Taking Occupational Diseases Seriously
Brooklyn Dodger, another blogger on occupational and public health topics, alerts us to a NIOSH survey of the causes of occupational deaths. According to this study, 1997 US mortality data, the estimated annual burden of occupational disease mortality resulting from selected respiratory diseases, cancers, cardiovascular disease, chronic renal failure, and hepatitis is 49,000. At the same time, the Bureau of Labor Statistics estimates there are about 6,200 work-related injury deaths annually. If you look carefully at the distribution of topics addressed by the OSHA standards, you would get the impression that the greater emphasis on occupational injuries means that they are more severe than occupational diseases. However, the data indicate that doesn’t seem to be the case, if you are looking at death on the job.
Note that this doesn’t factor in occupational illnesses and injuries that don’t kill workers. Examination of the statistics will still probably find that skin diseases/injuries and musculoskeletal injuries are still the more predominant workplace hazards.
These are pertinent when you think about the fact that 12 years ago OSHA’s rule on airborne contaminants, which would have reduced Permissible Exposure Limits (PELs) for hundred of substances, had been set aside by a federal Court of Appeals. OSHA tried to “speed along” the process of revising PELs by "generic" rulemaking, grouping substances into 18 categories by their primary health response, such as neurotoxicity, sensory irritation, and cancer (the backup for OSHA’s revised PELs proposed in their 1989 airborne contaminants rule can be found here). OSHA’s reasoning for this approach was that developing standards on a chemical-by-chemical basis would require several years. The court rejected that reasoning, stating that each PEL had to stand on its own merits.
OSHA had been sued by the AFL-CIO, which means that the labor organization was trying to push the agency towards more scientifically-based, and presumably lower PELs. However, the outcome has been virtually no motion by OSHA to update its PELs, many which are still based on occupational exposure guidelines developed prior to 1968. It is unlikely that OSHA will move forward on this except in response to litigation or prompting by Congress (I heard OSHA representatives say as much at an EPA conference a few years ago). The current OSHA rulemaking for a revised PEL for hexavalent chromium is in response to a lawsuit by the Public Citizen Health Research Group.
In today’s environment where ample information exists regarding workplace hazards from chemical exposure, the absence of scientifically up-to-date standards should not be an obstacle for employers to prevent harmful exposures or control them to the lowest level feasible. Is it really excusable for employers to not take steps to keep employee exposures as low as feasible, even if occupational exposure standards haven’t kept pace with current scientific knowledge about health hazards?

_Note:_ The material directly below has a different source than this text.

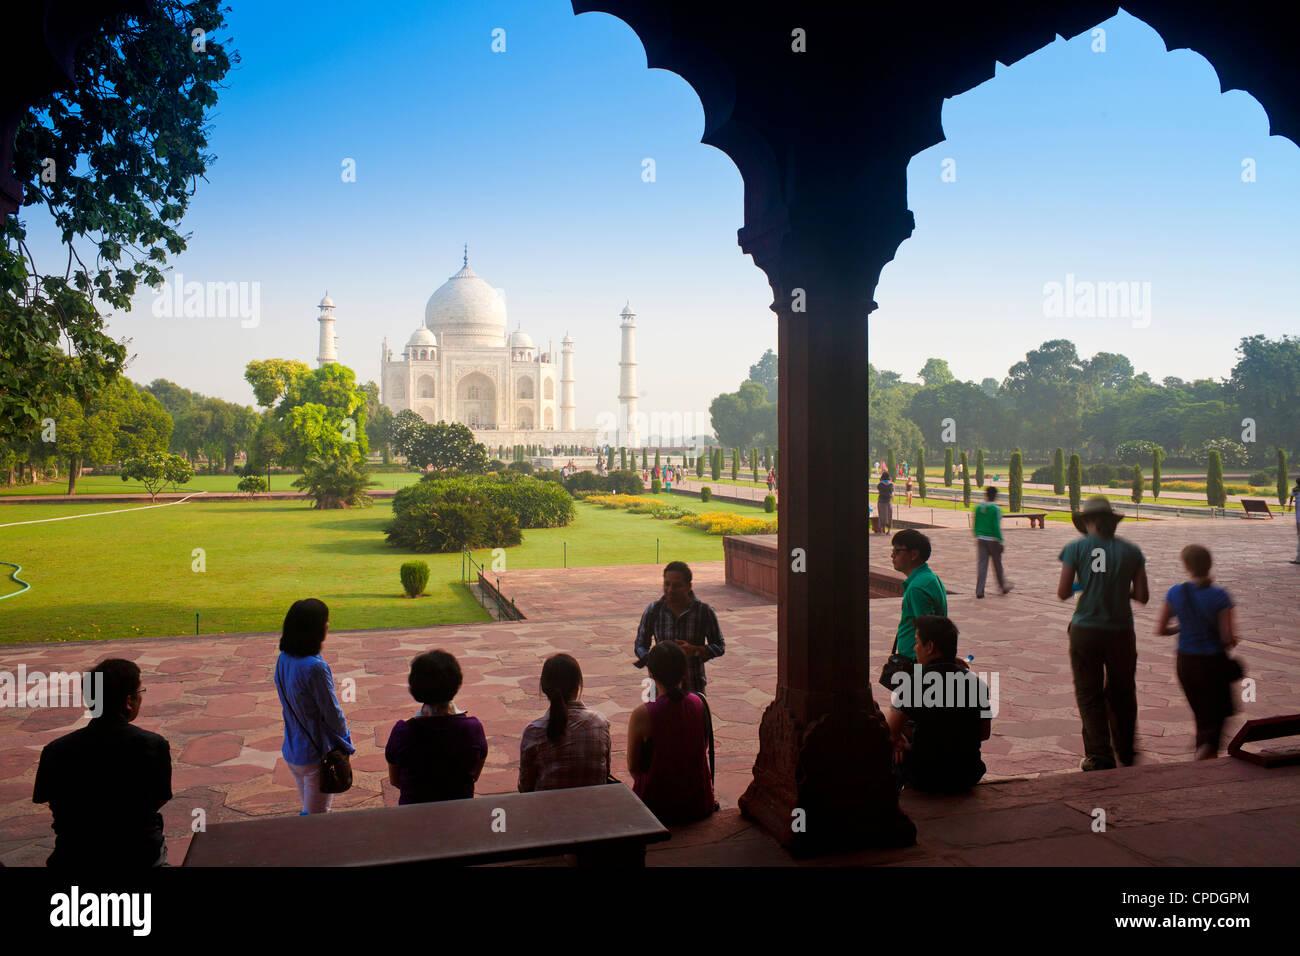 Taj Mahal, UNESCO World Heritage Site, viewed through decorative stone archway, Agra, Uttar Pradesh state, India, - Stock Image
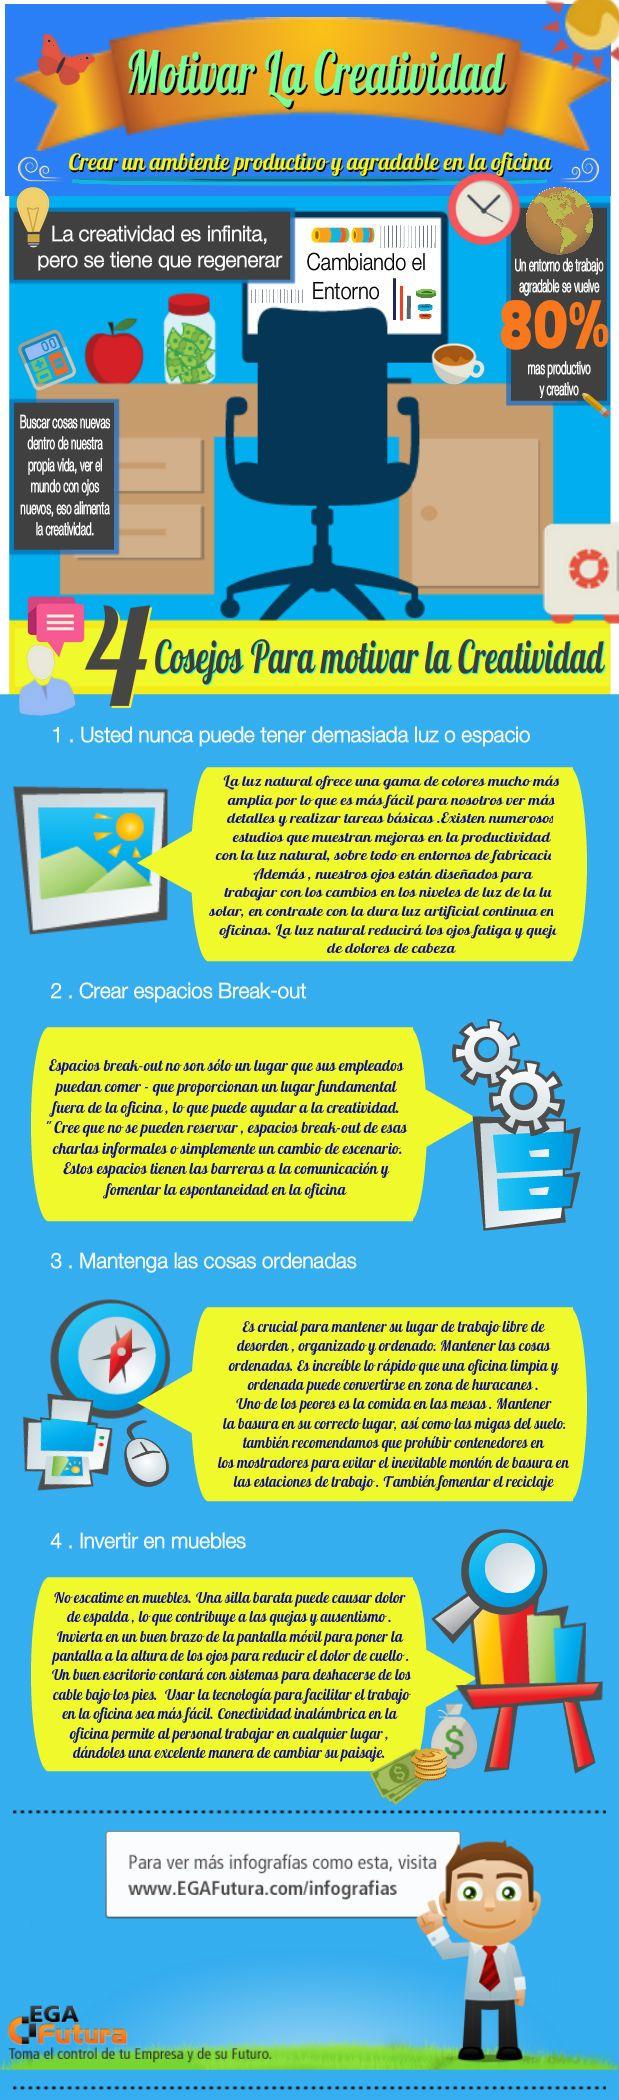 Motivar la creatividad desde la oficina! #infografia

Also, when serious hazards are obvious, controls should be implemented even if there is no quantitative evaluation of exposure or harm. For example, it should be obvious these days not to do something like this with any solvent, particularly trichloroethylene:
Until fall 2003, workers in a Wilkes-Barre special-education school district gave little thought to the chemical they knew only as deglazing solvent.
Used to clean ink from two printing presses in the district's main administration building, the solvent routinely spilled onto the carpet. Its stench drifted through the air ducts. Still, it seemed nothing more than an annoyance -- until Antoinette Dominick was diagnosed with cancer.
Dominick is among roughly two dozen employees who have been diagnosed with non-Hodgkin's lymphoma, lupus, or other diseases that may be associated with TCE exposure -- the solvent used for cleaning, exposing approximately 200 people who worked in the building for upwards of three decades. Though there is still some quibbling about the nature and strength of the evidence, there is enough suspicion, disseminated publicly, that trichloroethylene is carcinogenic to warn even the most poorly-informed employer not to do something like that.
You can argue all you’d like that we don’t “know” that TCE is a human carcinogen, and that it takes a long time to develop scientifically-based occupational exposure standards, and that if the government doesn’t pay attention to this issue, that’s a sign that employers shouldn’t have to either. It’s still inexcusable that these things are happening in the 21st century.